Molecular evolution is being revolutionized by high-throughput sequencing allowing an increased amount of genome-wide data available for multiple species. While base composition summarized by GC-content is one of the first metrics measured in genomes, its genomic distribution is a frequently neglected feature in downstream analyses based on DNA sequence comparisons. Here, we show how base composition heterogeneity among loci and taxa can bias common molecular evolution analyses such as phylogenetic tree reconstruction, detection of natural selection and estimation of codon usage. We then discuss the biological, technical and methodological causes of these GC-associated biases and suggest approaches to overcome them.

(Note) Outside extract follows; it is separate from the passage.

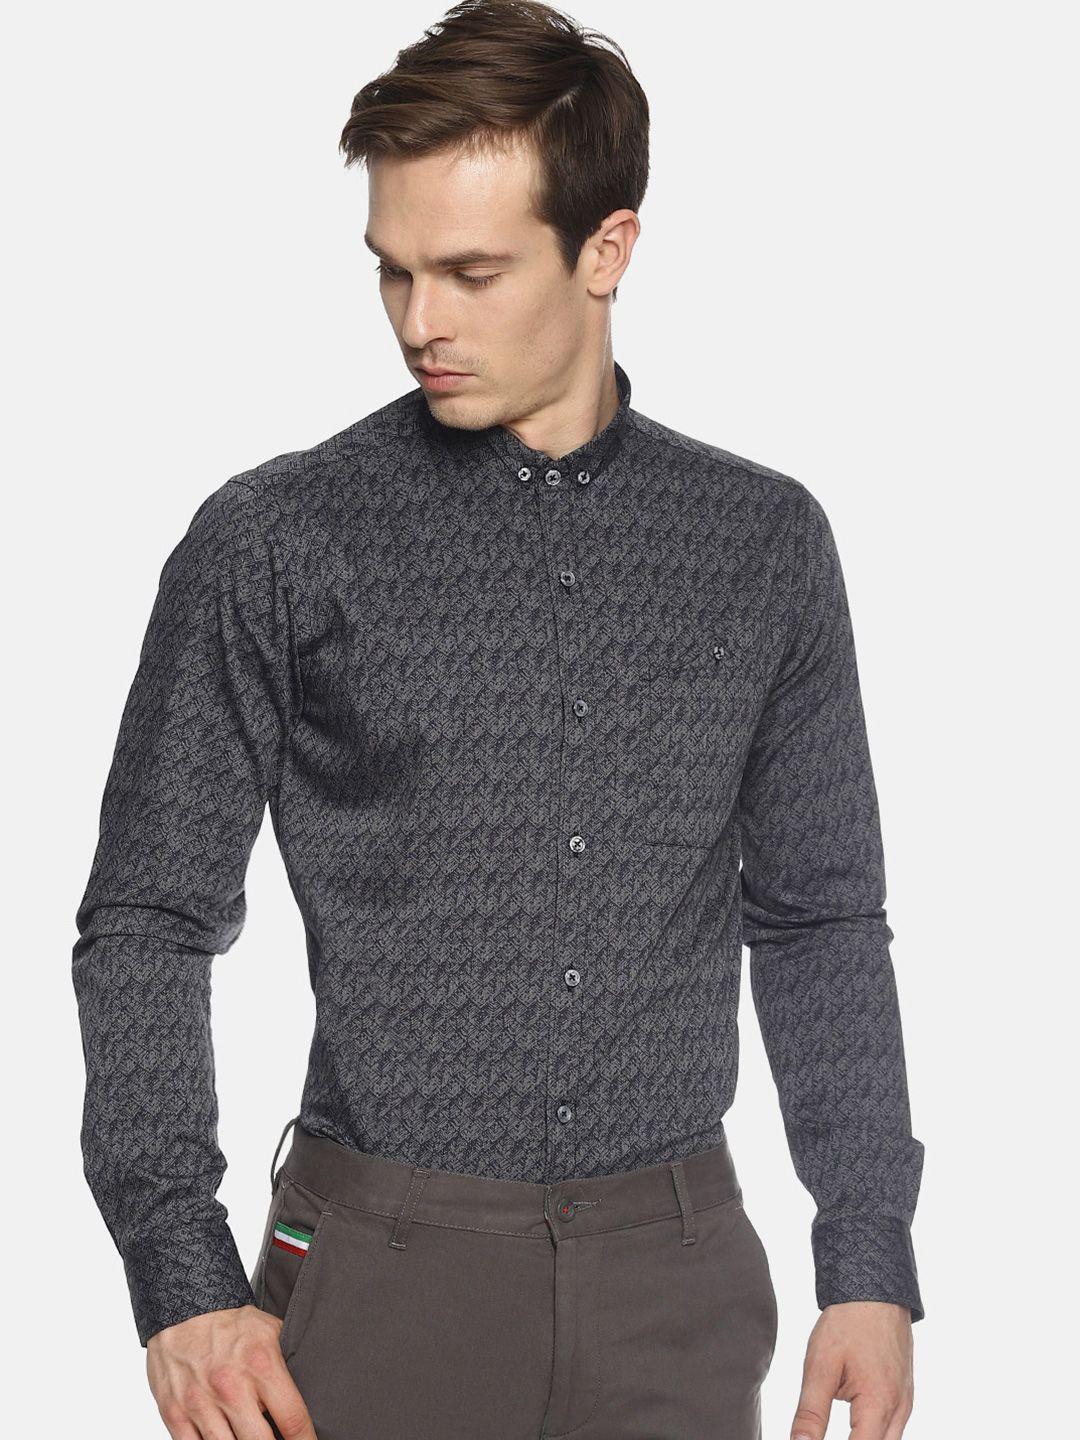 couper-&-coll-men-grey-premium-slim-fit-printed-casual-shirt

GC-content is shaped by a complex balance among mutation, selection, recombination, and genetic drift (Bulmer, 1991; Eyre-Walker and Hurst, 2001; Duret et al., 2002). As a consequence of variation in this subtle balance, it has been observed that GC-content varies considerably at two levels: (i) among genomes from different species and (ii) along chromosomes of a single species (Bernardi et al., 1985). Among species, the average genomic GC-content ranges from 13 to 75% (Pagani et al., 2011). Within the same genome, large chromosomal regions can also greatly differ in their nucleotide composition as first described in humans (Bernardi et al., 1985). For instance, GC-content is distributed across the human genome over successive long stretches of >100 kb that can be either GC-rich (with a GC-content ∼60%) or GC-poor (with a GC-content ∼35%; International Human Genome Sequencing Consortium, 2001).
After several years of debate among neutral or selective hypotheses [reviewed in Duret and Galtier (2009)], it is now widely accepted that one of the major drivers of base composition heterogeneity is GC-biased gene conversion (gBGC), a repair bias that favors GC over AT alleles during meiotic recombination (Eyre-Walker, 1993; Galtier et al., 2001; Montoya-Burgos et al., 2003; Duret and Arndt, 2008; Kent et al., 2012; Arbeithuber et al., 2015; Mugal et al., 2015). As a result of this link between GC and recombination, local GC-content increases faster in genomic hotspots of recombination (Spencer, 2006) while genome-wide GC-content increases faster in species with higher recombination rates per time unit (Romiguier et al., 2010, 2013b; Figuet et al., 2014; Weber et al., 2014). By conferring a higher transmission probability of GC alleles over AT in heterozygotes, gBGC mimics natural selection but is frequently overlooked in molecular evolution studies. Here, we revisit how much intra-genomic and inter-specific variations in base composition have a strong power to bias popular analyses in molecular evolution such as phylogenetic tree reconstruction, detection of natural selection and estimation of codon usage bias (Figure 1).
FIGURE 1. Methodological biases associated to recombination, GC-biased gene conversion (BGC) and GC-content heterogeneity.
Phylogenetic Tree Reconstruction
Reconstructions of phylogenetic trees from molecular datasets are central in evolutionary biology. While initially limited to a handful of loci with limited power to resolve difficult phylogenetic relationships, phylogenetic tree reconstruction is no longer restricted by the number of genetic markers. However, some phylogenetic relationships of the Tree of Life remain unresolved (Philippe et al., 2011). This difficulty stems from the mosaic nature of genomes gathering alternative and conflicting gene trees (Degnan and Rosenberg, 2009), where some but not all loci support the true species genealogy. Determining which loci are reliable phylogenetic markers is thus one of the biggest challenges in phylogenomics. While mixed historical signals along genomes are likely to have different natures, we will here focus to issues related to base composition.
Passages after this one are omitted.